CityU-HKBU Paired Talks on Art Histories - Lecture Series 6: Art and Disability in Early Modern Europe and China

Date: 15 November 2024 (Friday)
Time: 7:30-9:30 pm
Format: Hybrid mode (Onsite: CVA109, Lee Shau Kee Communication and Visual Arts Building, Hong Kong Baptist University/ Online via ZOOM)
Language: English

Speakers: 
Angelo LO CONTE (Associate Professor, Hong Kong Baptist University
LU Yun-chen (Assistant Professor, DePaul University, Chicago)

Discussant & Moderator: 
WANG Yizhou (Research Assistant Professor, Hong Kong Baptist University)

Moderator:
WANG Lianming (Associate Professor, City University of Hong Kong)

Registration
Registration is required for online/onsite participation. Please complete the online registration form

Registration

All are welcome! 


Lecture Abstracts

Micro-art-histories and Social Perceptions of Disability in Early Modern Europe by Dr. Angelo Lo Conte 
The paper retraces micro-art-histories that foster the investigation of social perceptions of sensory disability in early modern Europe. By looking at early modern biographical accounts, archival documents, works of art, and contemporary poetry, it challenges the stereotype that presents people with deafness as outcasts and emphasizes that the consideration of intersectional factors was essential to how early modern people responded to impairment. The paper recognizes the presence of deaf artists in the history art, presenting their artworks, notebooks, and documents pertaining to their life to describe how they asserted their own profession, identity, and citizenship through art practice. 

Speaker Biography
Angelo LO CONTE is Associate Professor and Associate Director (Research) at the Academy of Visual Arts, School of Creative Arts, Hong Kong Baptist University. He is the author of several studies on various aspects of Renaissance and Early Modern Art, including A Visual Testament by Luca Riva: a Deaf Pupil of the Procaccini, winner of the 2023 Renaissance Studies Article Prize, The Procaccini and the Business of Painting in Early Modern Milan (Routledge, 2021); and articles in Zeitschrift für Kunstgeschichte, Renaissance Studies, Source, Italian Studies and the Journal of the History of Collections. He is a recipient of the Haskell Prize (Burlington Magazine) and of the 2022 RSA-Samuel H. Kress Fellowship in Renaissance Art History. 

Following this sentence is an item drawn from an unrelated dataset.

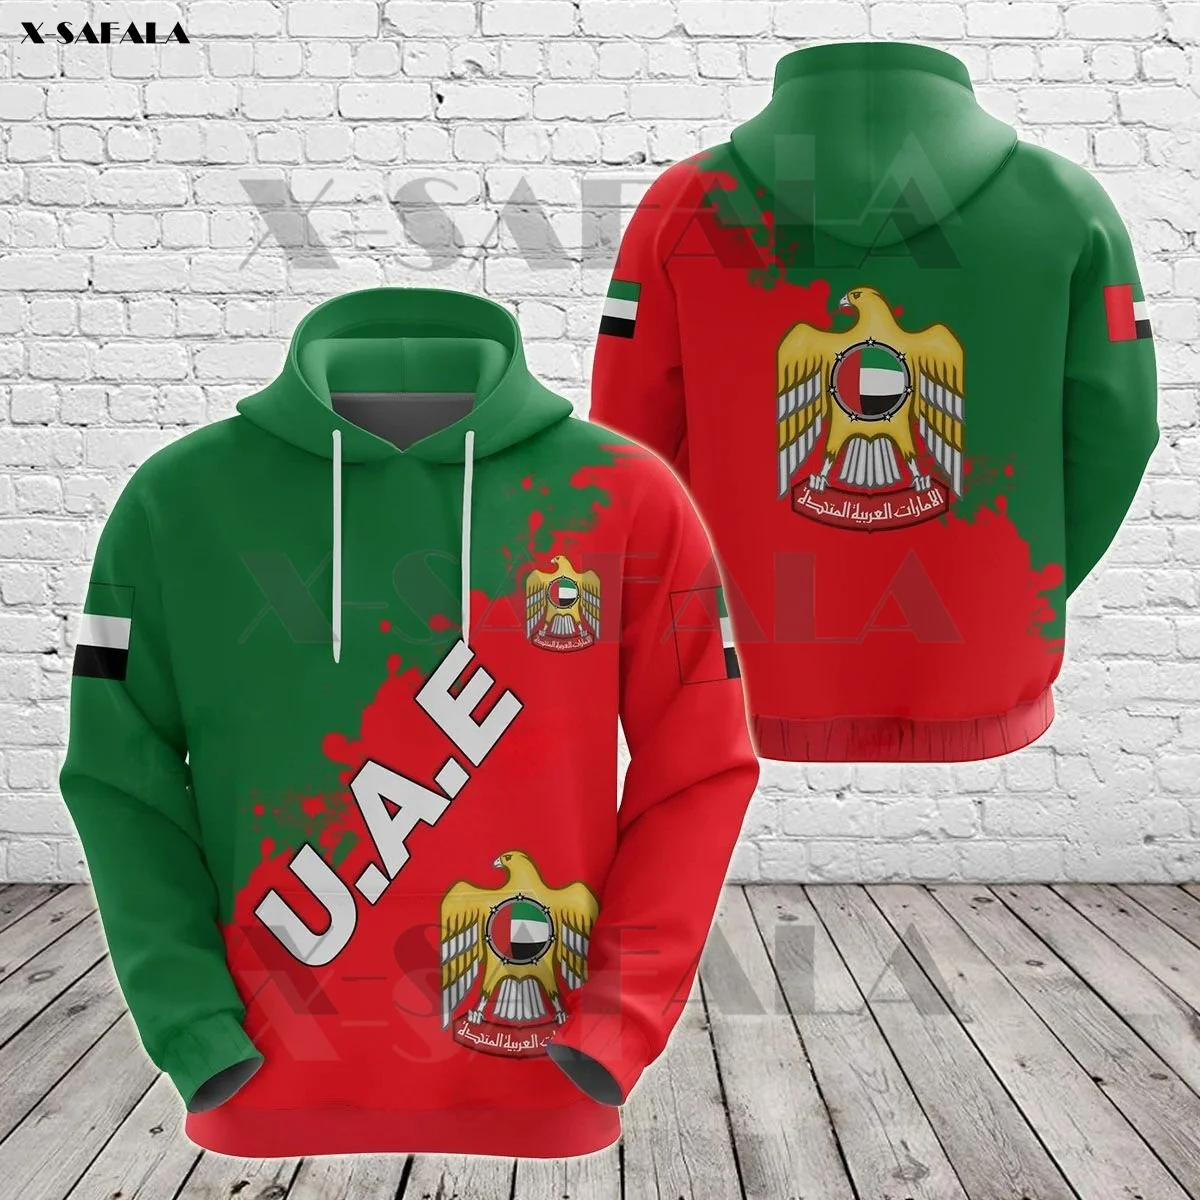 

UNITED ARAB EMIRATES SMUDGE COAT OF ARMS Flag 3D Printed Zipper Hoodie Man Pullover Sweatshirt Hooded Jacket Jersey Tracksuits

The Creation of Disability Art and Aesthetics in Eighteenth-Century Yangzhou” by Dr. Yun-chen LU

The Yangzhou School, also known as the Eight Eccentrics of Yangzhou, was a group of artists who were active in eighteenth-century Yangzhou and gained renown for moving beyond the orthodox literati style in favor of their own aesthetic choices. Several of them had physical disabilities. My research centers on these artists and how they developed a new disability art and aesthetics that were favored by local art patrons. Among these artists, Gao Fenghan (1683–1749) first earned fame because of his left-handed style, which he developed after the paralysis of his right hand in 1737. This talk focuses on Gao Fenghan’s formation as an artist with a disability and the creation of his left-handed style, which has “raw, obstinate, rough, and awkward” qualities that he valued. I investigate Gao’s artistic developments before and after his disability, how disability is part of his own narratives when discussing his works, and how his art was received and gained success in the Yangzhou art market. This research considers an older tradition and history of appreciating different bodies and abilities in China. More specifically, it offers a new understanding of disability aesthetics rooted in Chinese culture, history, and philosophy. 

Speaker Biography
Yun-chen LU is Assistant Professor of History of Art and Architecture at DePaul University, Chicago. She specializes in East Asian art history, particularly Chinese painting and calligraphy, visual and material culture, artists with disabilities, disability aesthetics, and East Asian interregional art history. Her current research project investigates the relationship between artists with disabilities and the trend of artistic eccentricity in eighteenth-century Yangzhou, and the development of disability art and aesthetics in premodern China.